» Exercise brief: Find the line below with "Neue Justiz (NJ), Zeitschrift" and the line with "Thonet S661 SPVDR Swivel chair". Output exactly those lines and everything between them, leaving out the pictures.

» Data for this task:
== Segment start ==

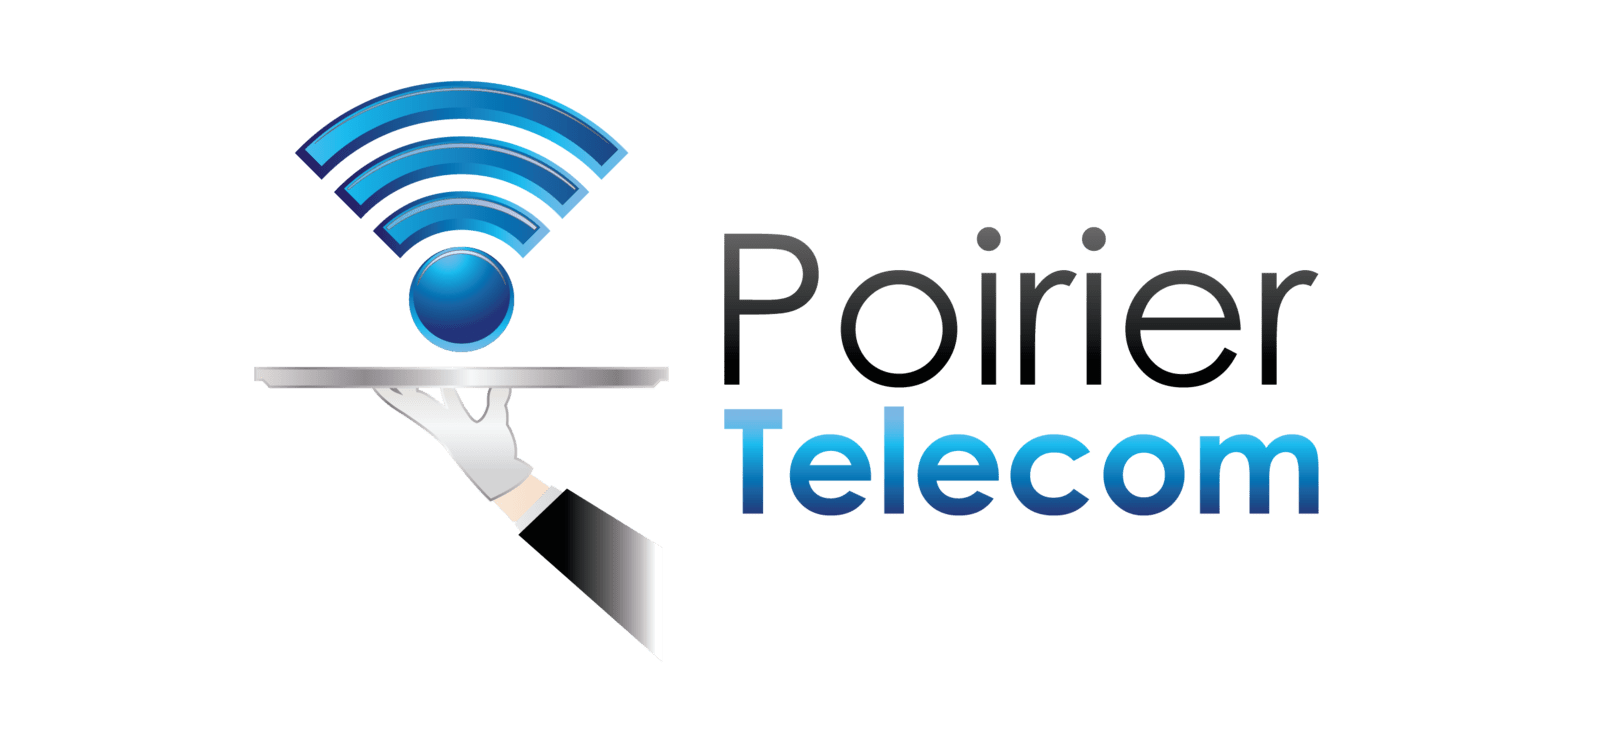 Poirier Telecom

== Segment end ==
== Segment start ==

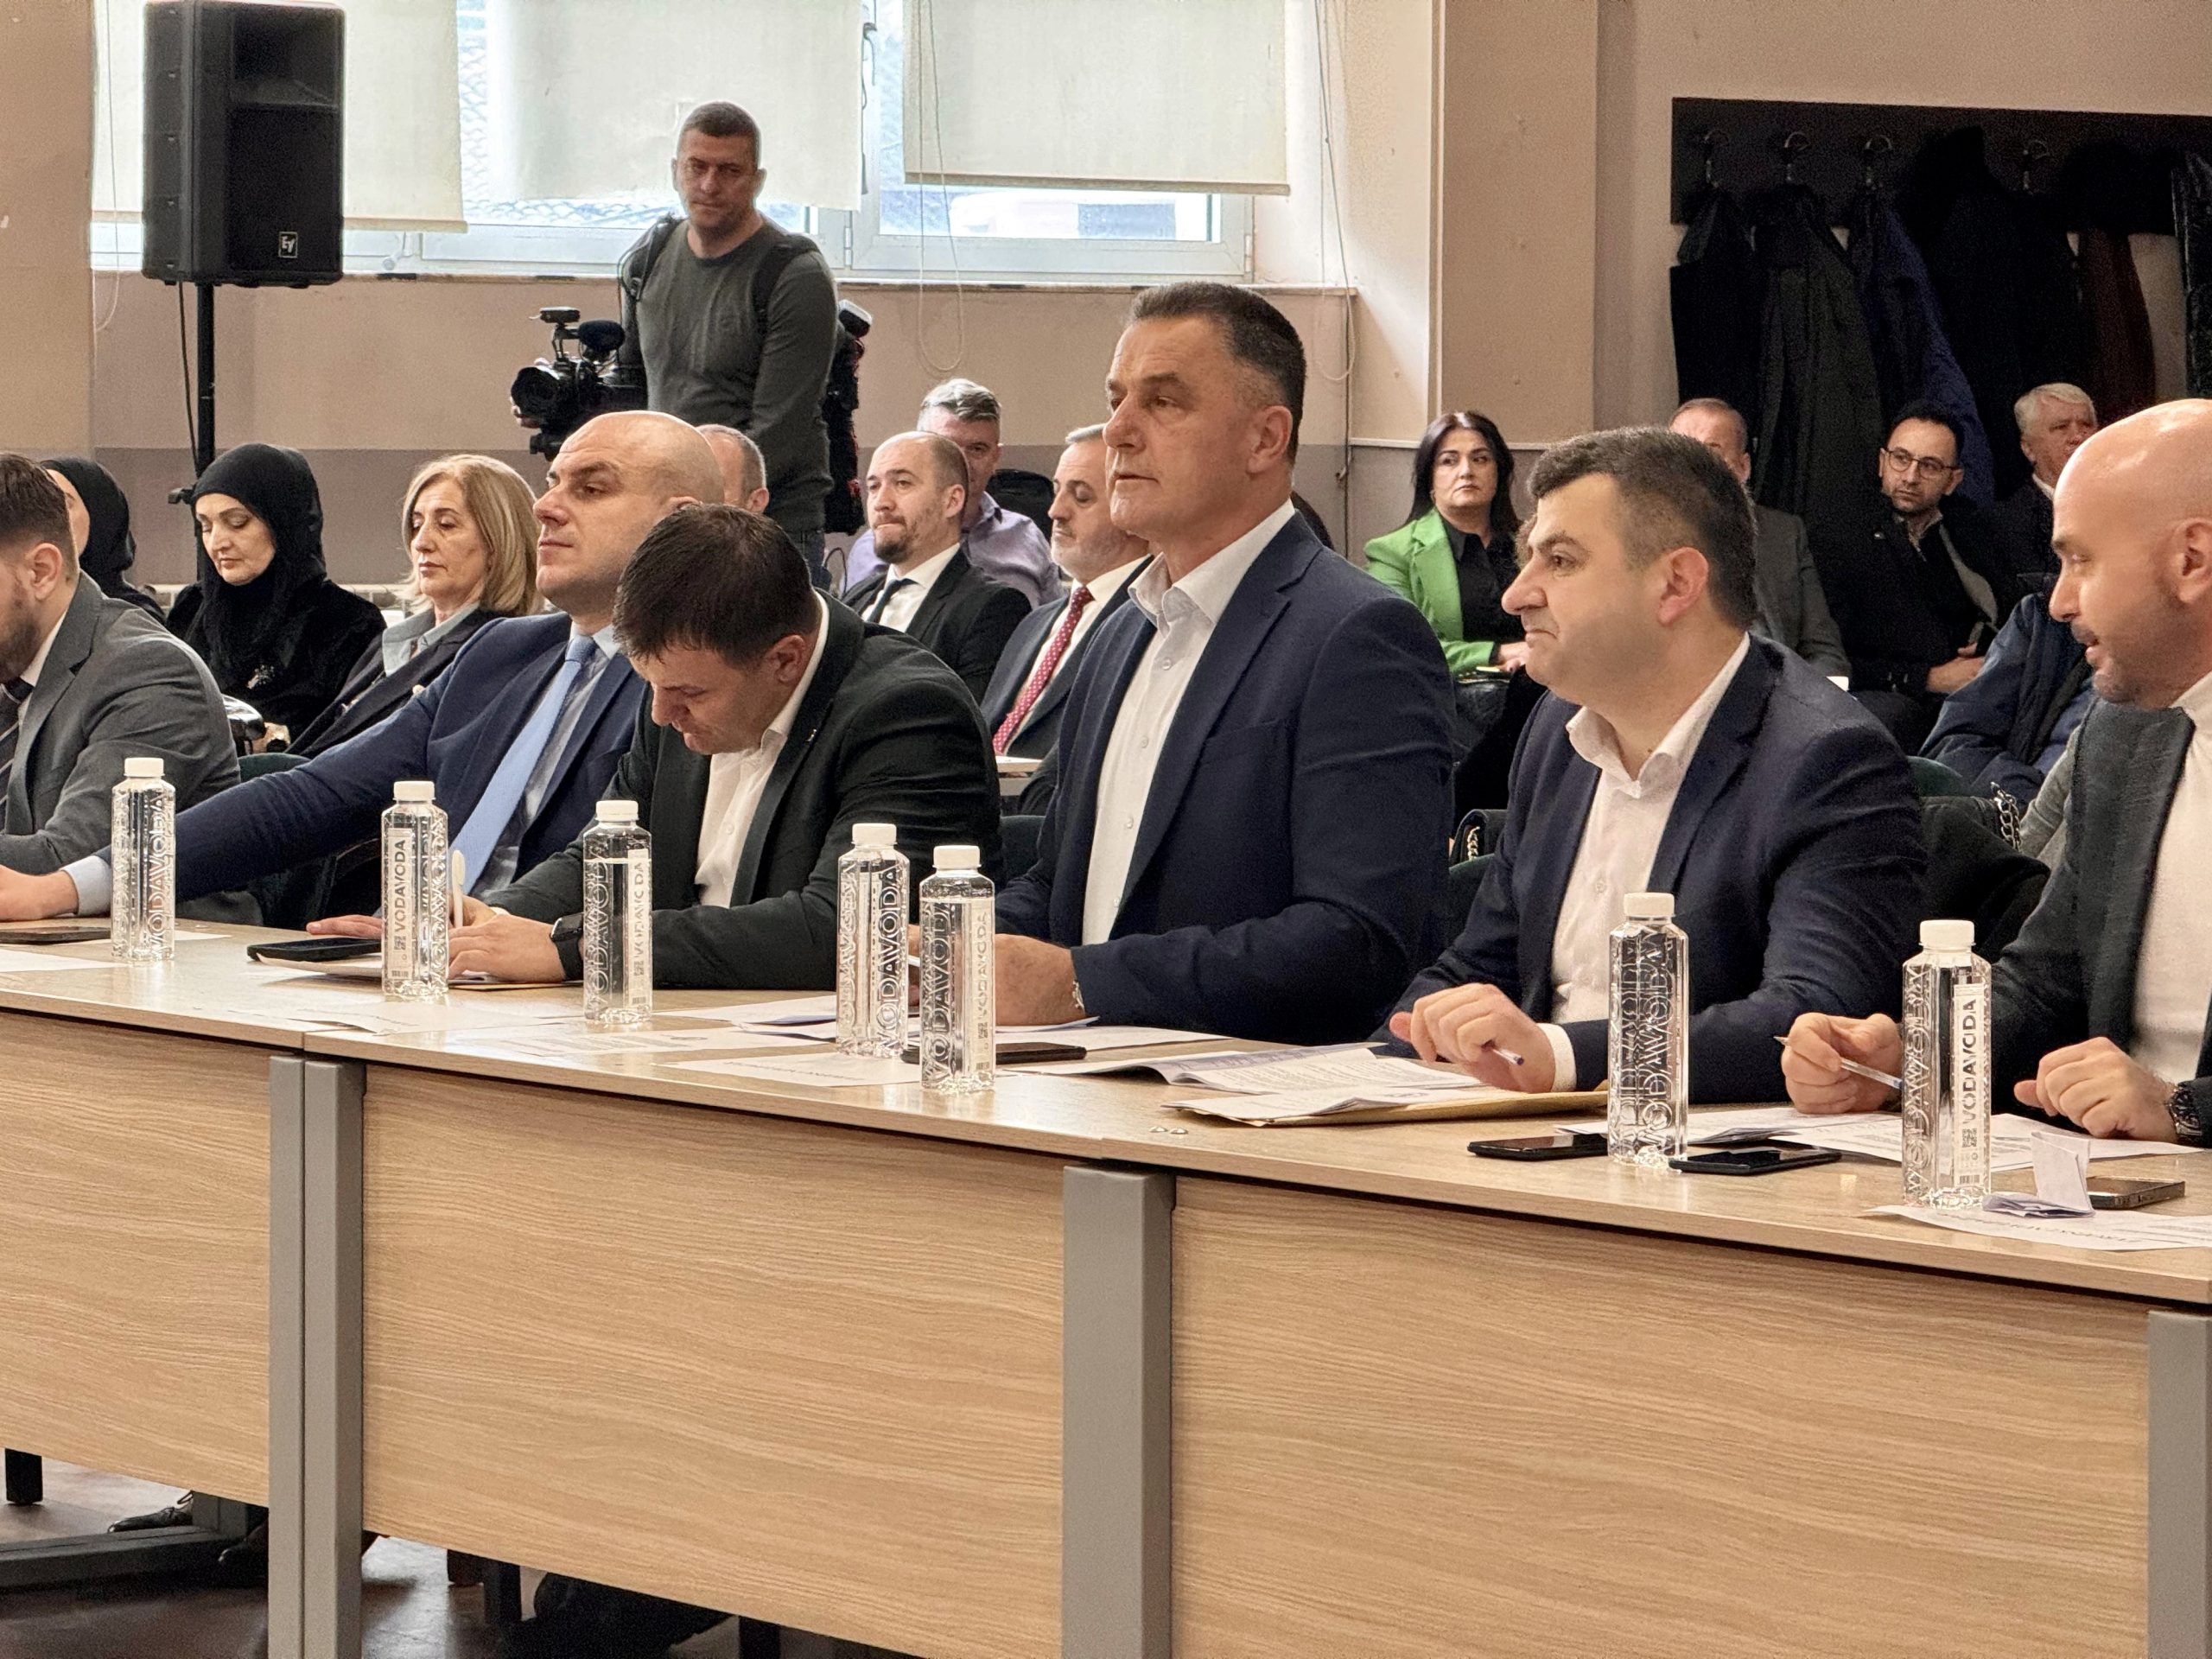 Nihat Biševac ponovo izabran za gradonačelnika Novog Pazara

== Segment end ==
== Segment start ==

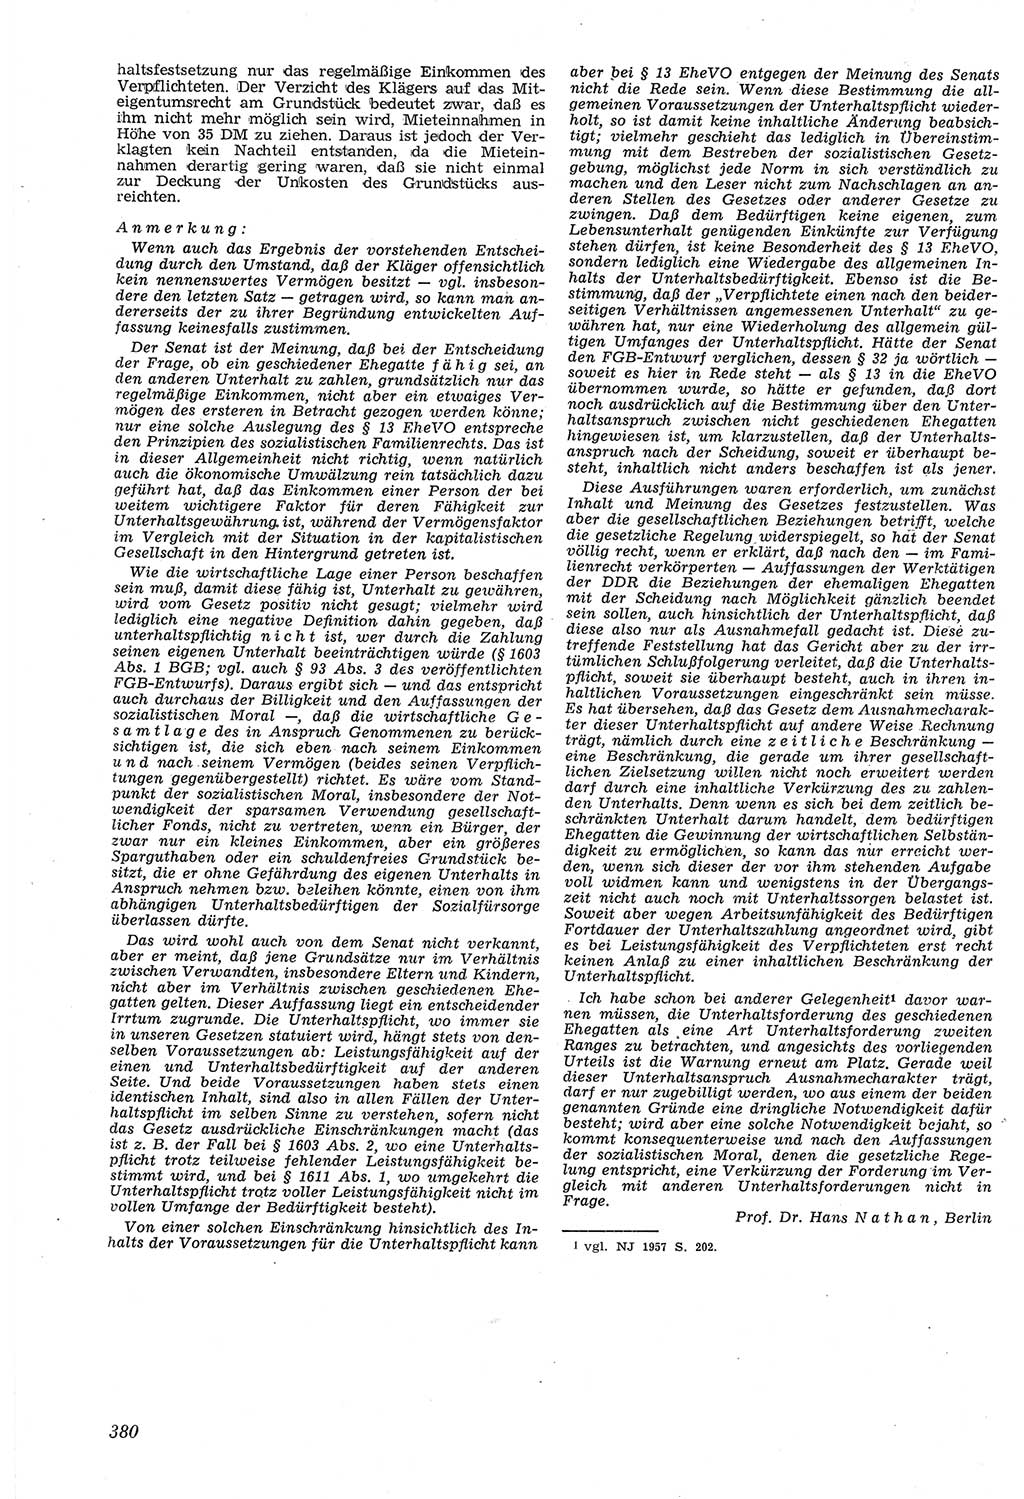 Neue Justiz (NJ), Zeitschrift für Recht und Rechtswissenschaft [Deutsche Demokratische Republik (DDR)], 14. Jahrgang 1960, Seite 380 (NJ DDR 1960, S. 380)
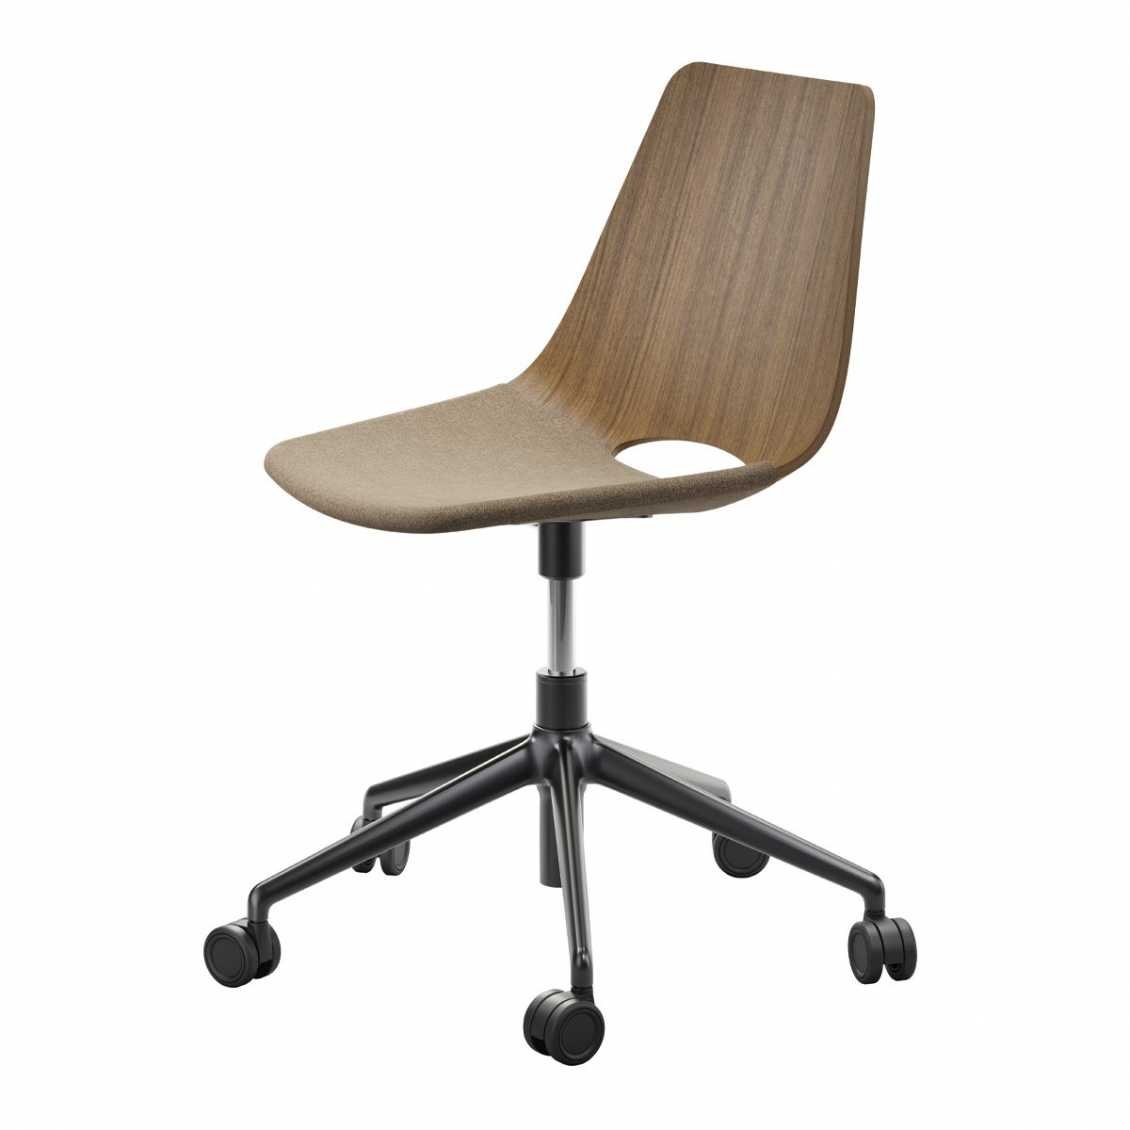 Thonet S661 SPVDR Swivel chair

== Segment end ==

» Result of the exercise:
 Neue Justiz (NJ), Zeitschrift für Recht und Rechtswissenschaft [Deutsche Demokratische Republik (DDR)], 14. Jahrgang 1960, Seite 380 (NJ DDR 1960, S. 380)
 Thonet S661 SPVDR Swivel chair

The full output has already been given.